On sexual health, we are looking to see what more can be done to increase the awareness of risks, prevent infection and promote access to screening and treatment. The consultation documents, which will be issued shortly, will set out the proposed funding and commissioning routes for public health services, including how comprehensive sexual health services might best be commissioned. I hope the noble Baroness will feed into that.

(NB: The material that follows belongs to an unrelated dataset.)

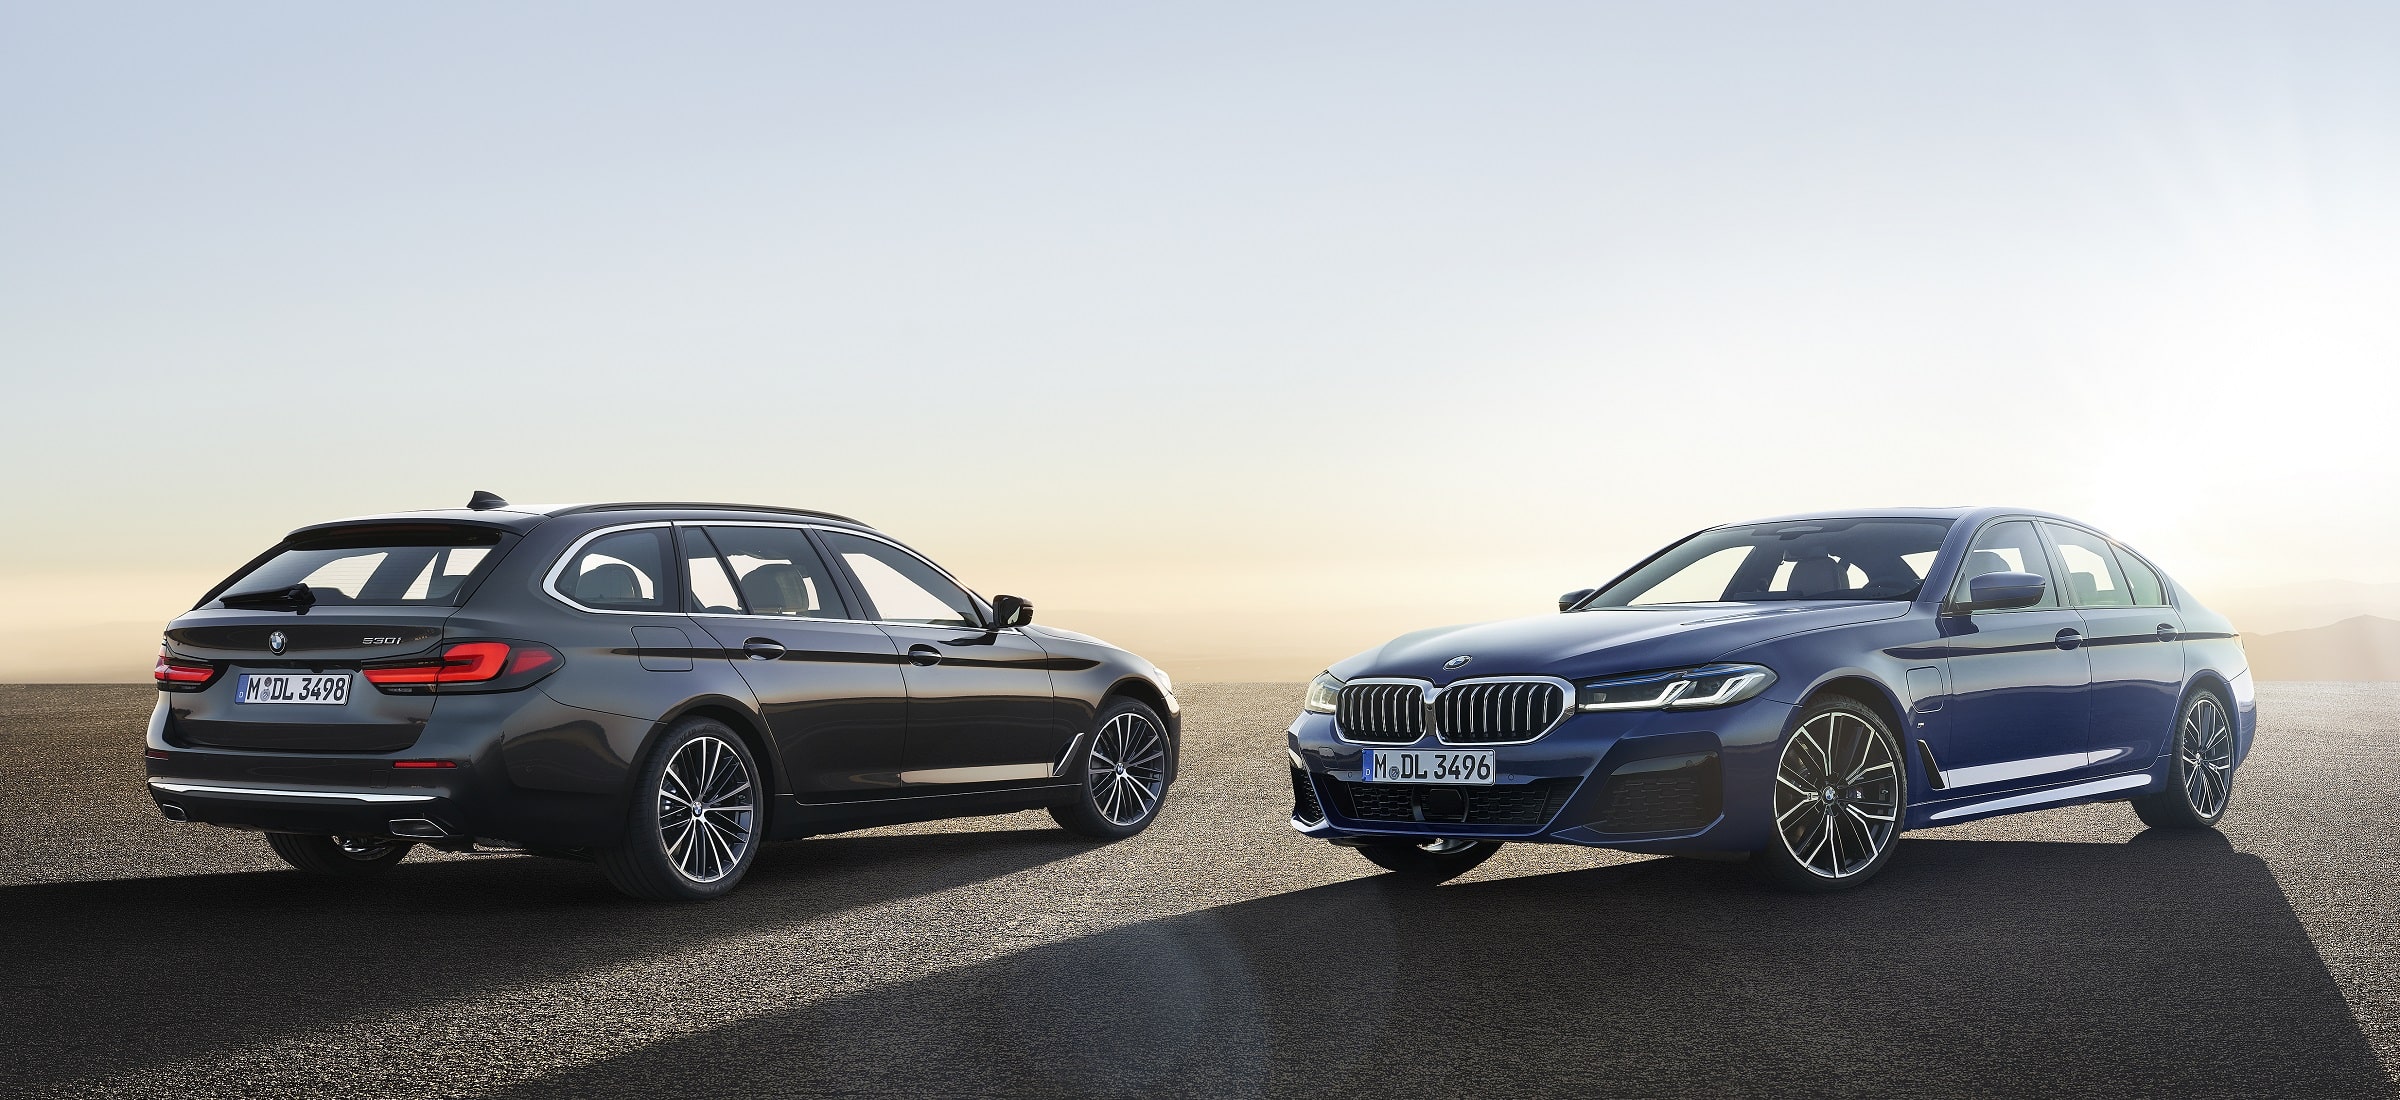 Der neue BMW 5er - Facelift 2020

My Lords, the noble Earl mentioned looking at the causes of the causes very early on in his Statement. I think it is now well accepted that a foetus is not protected by either the placenta or the blood-brain barrier from environmental assaults. I am concerned that a lot of the obesity that we see now in young children who run around normally and cannot be described as couch potatoes—although perhaps their diet is deficient—may have originated in the womb from oestrogen-mimicking hormones and by chemicals such as bisphenol A and phthalates. It seems to me that we disregard these factors at our peril and we are blaming people for factors that are beyond their ability to control. Another point is the effect of maternal stress on the foetus. High cortisol levels in the mother affect the child and cause ADHD and educational problems later on in their lives. What is the Minister doing to look at what is happening to babies in the womb and the effects on them in their future life?
I shall need to write to the noble Countess on exactly what work programmes are in train in that area but she is absolutely right—this is an area that I have taken a close interest in over the years. It is fundamental to understanding both health in childhood and later on in adulthood, and behaviour in children.
We fully recognise that good nutritional status is important at all stages of life. That includes the role of the diet in pre-maternal health, and affects teenagers in particular and the elderly, where there are concerns about malnutrition; I know that is not the focus of the noble Countess’s question. The national diet and nutrition survey will allow us to continue monitoring the status of the diet in the UK population and to target interventions where they are needed. I will write to the noble Countess to give her further particulars.